(Your objective)
Everything from the line containing "Spenne i jern, rektangulær" down to the last line below should be set down exactly, and only that, without the pictures.

(Available data)
━━━━

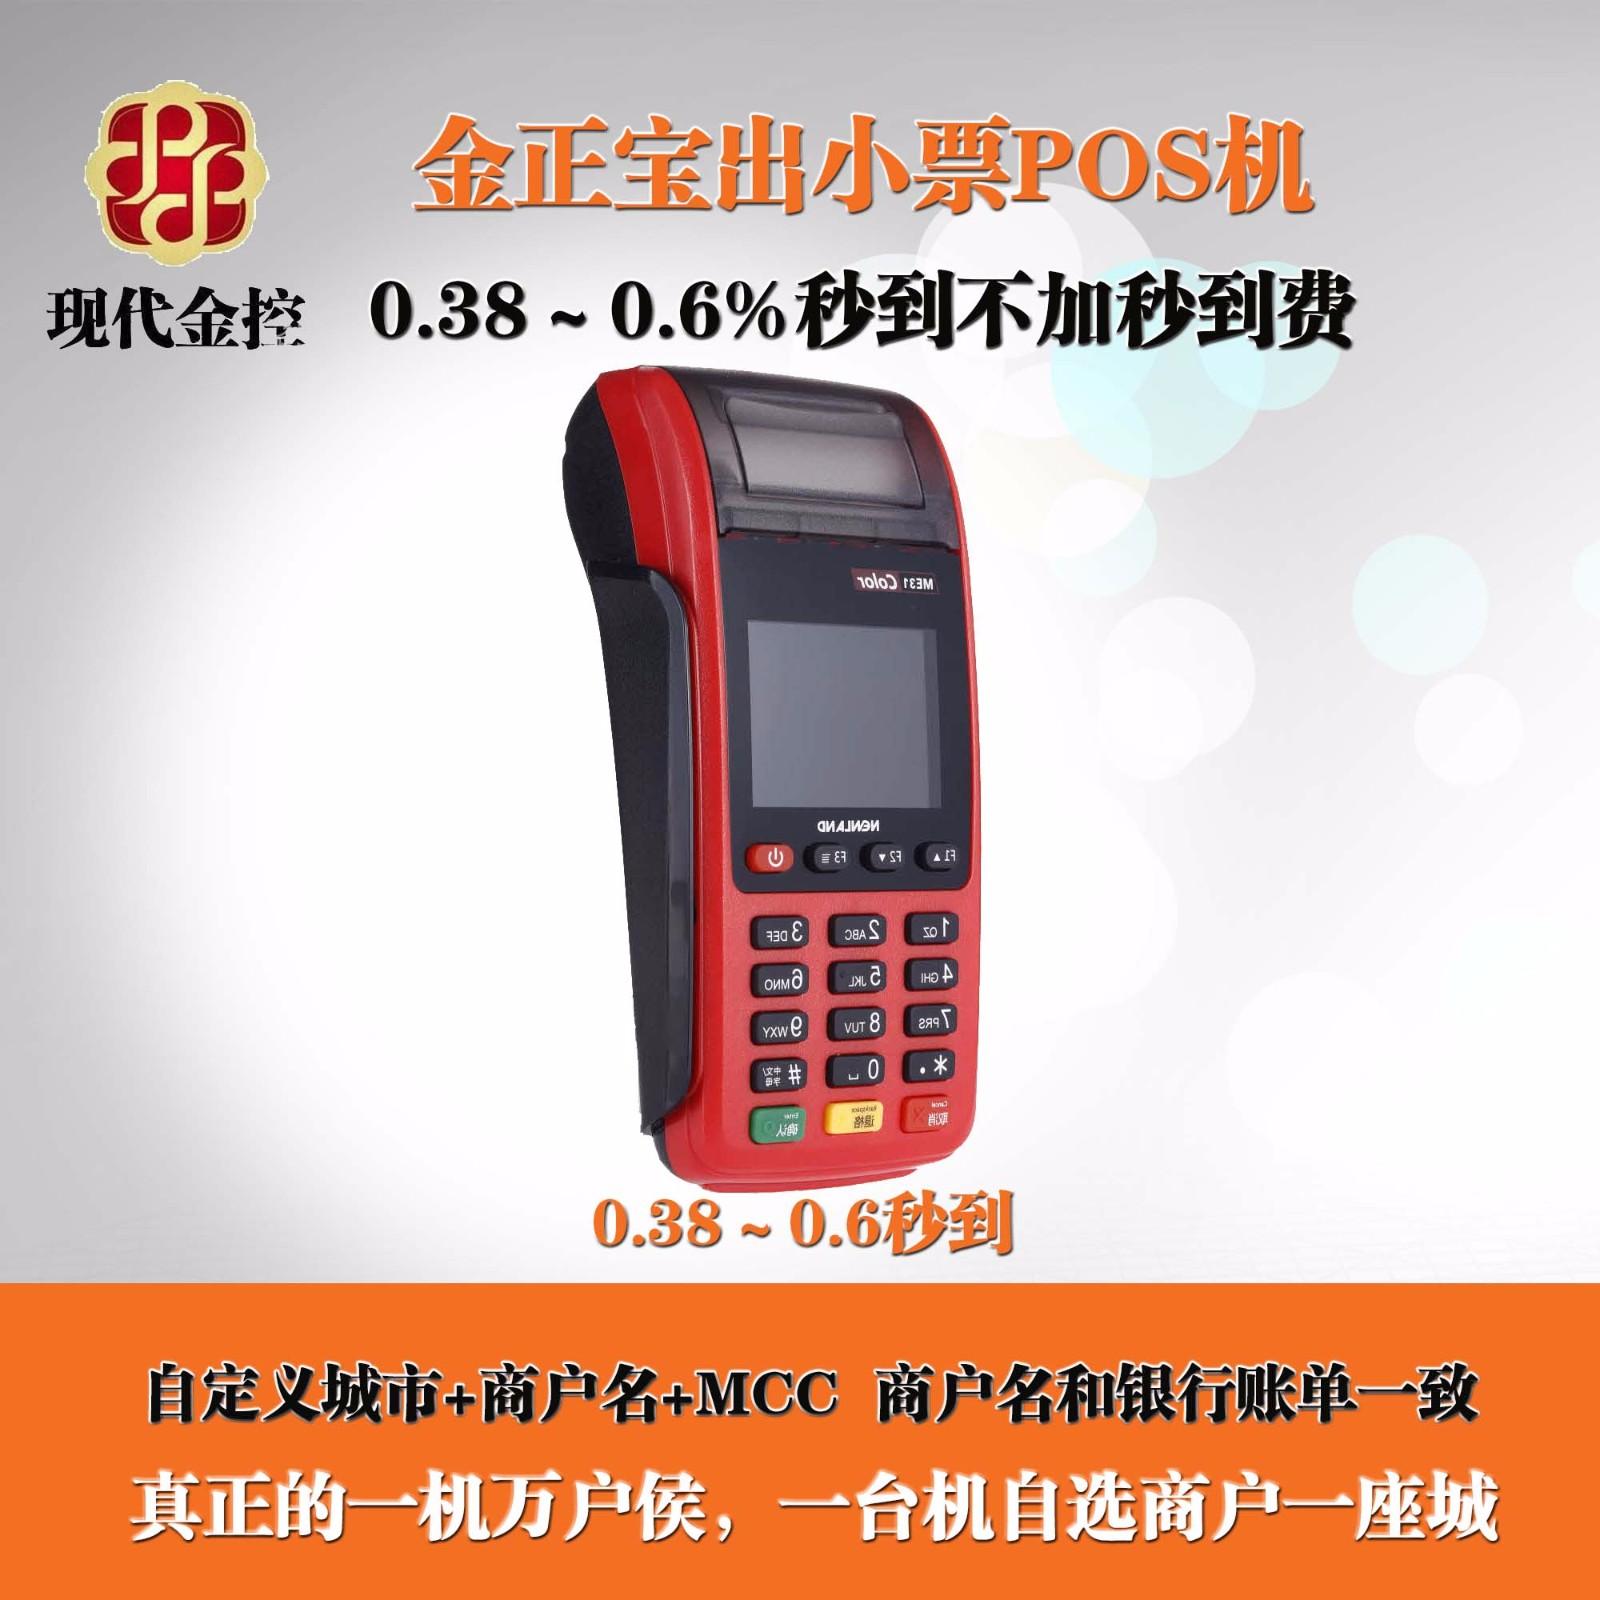 一清pos机_一清收款pos机免费领_广州星润科技有限公司
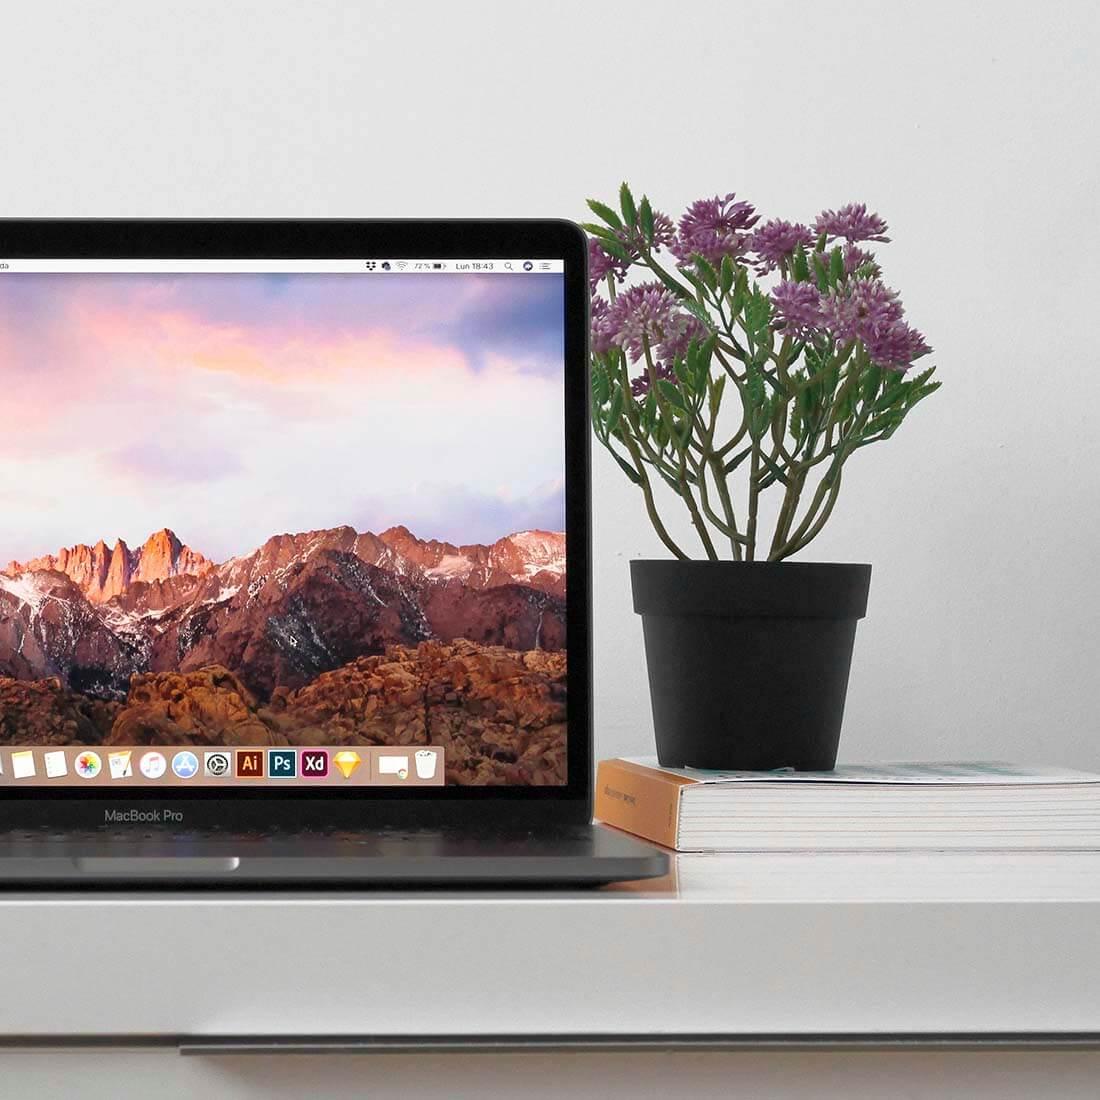 A imagem mostra um computador e um vaso de plantas
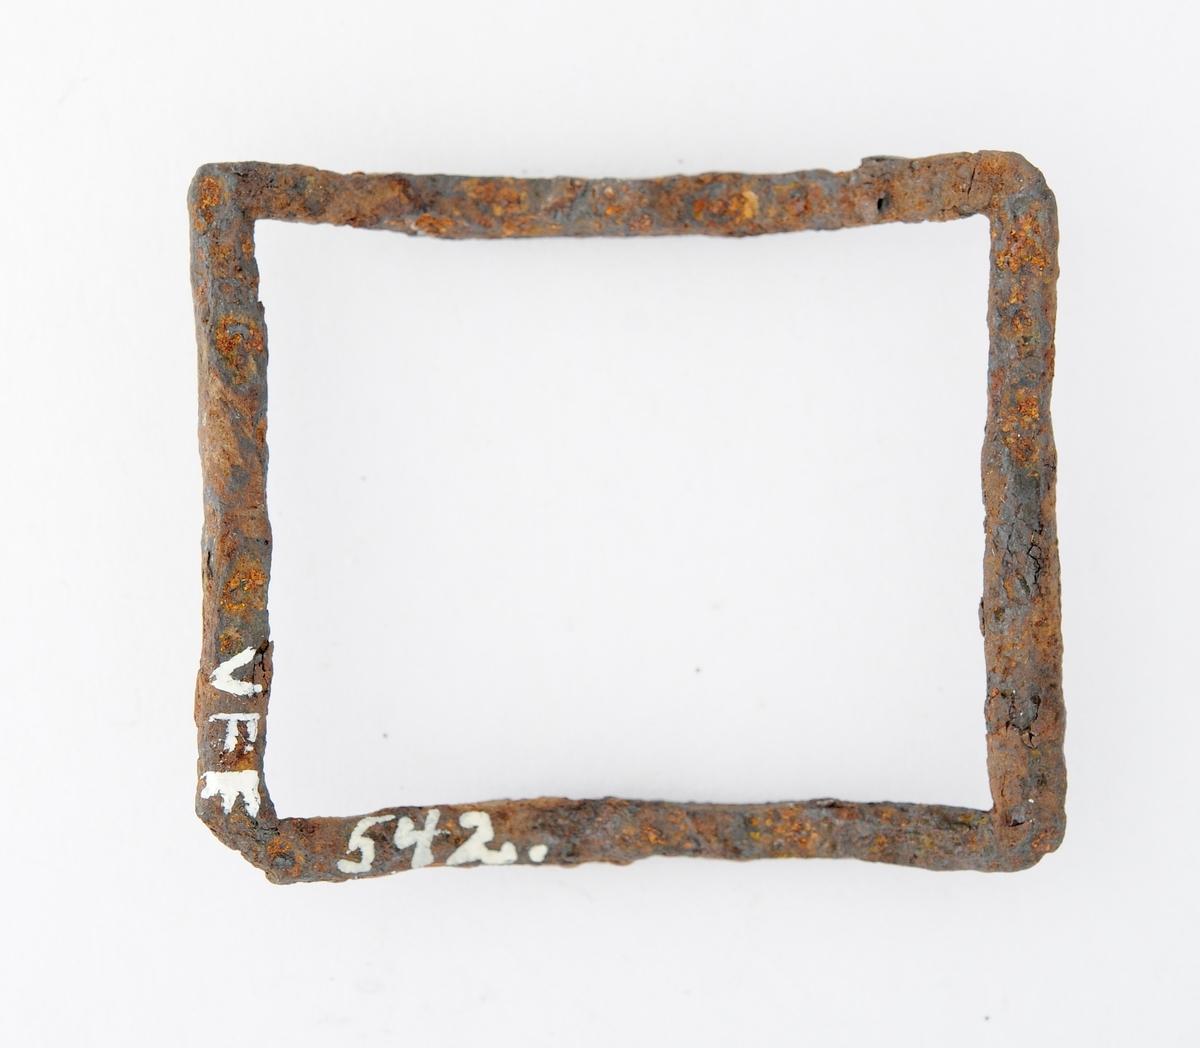 Spenne i jern, rektangulær form, bua. Merke etter tein. Manglar nål.
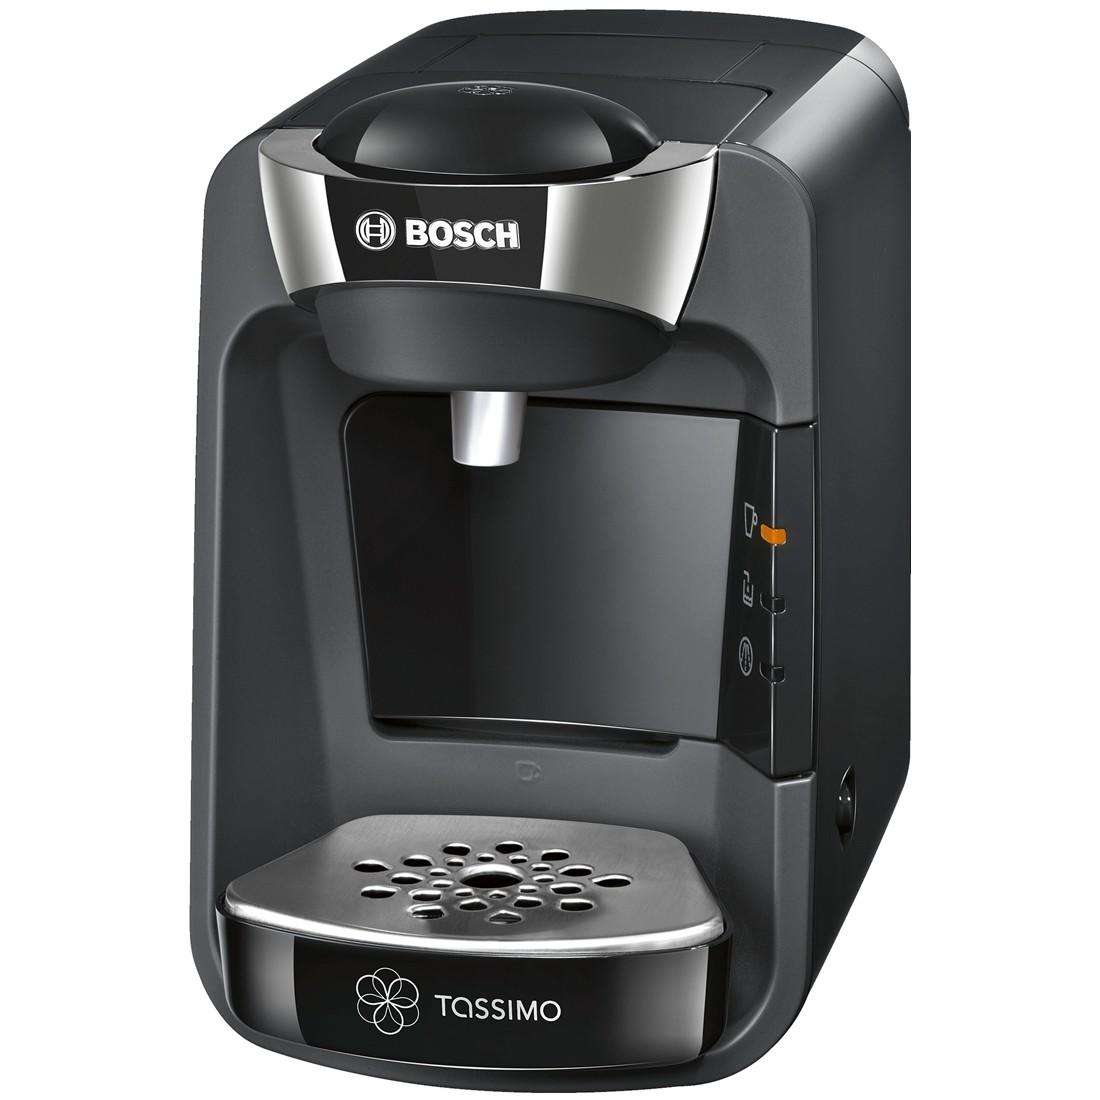 kávovar BOSCH Tassimo TAS3202

━━━━

(Output)
 Spenne i jern, rektangulær form, bua. Merke etter tein. Manglar nål.
 kávovar BOSCH Tassimo TAS3202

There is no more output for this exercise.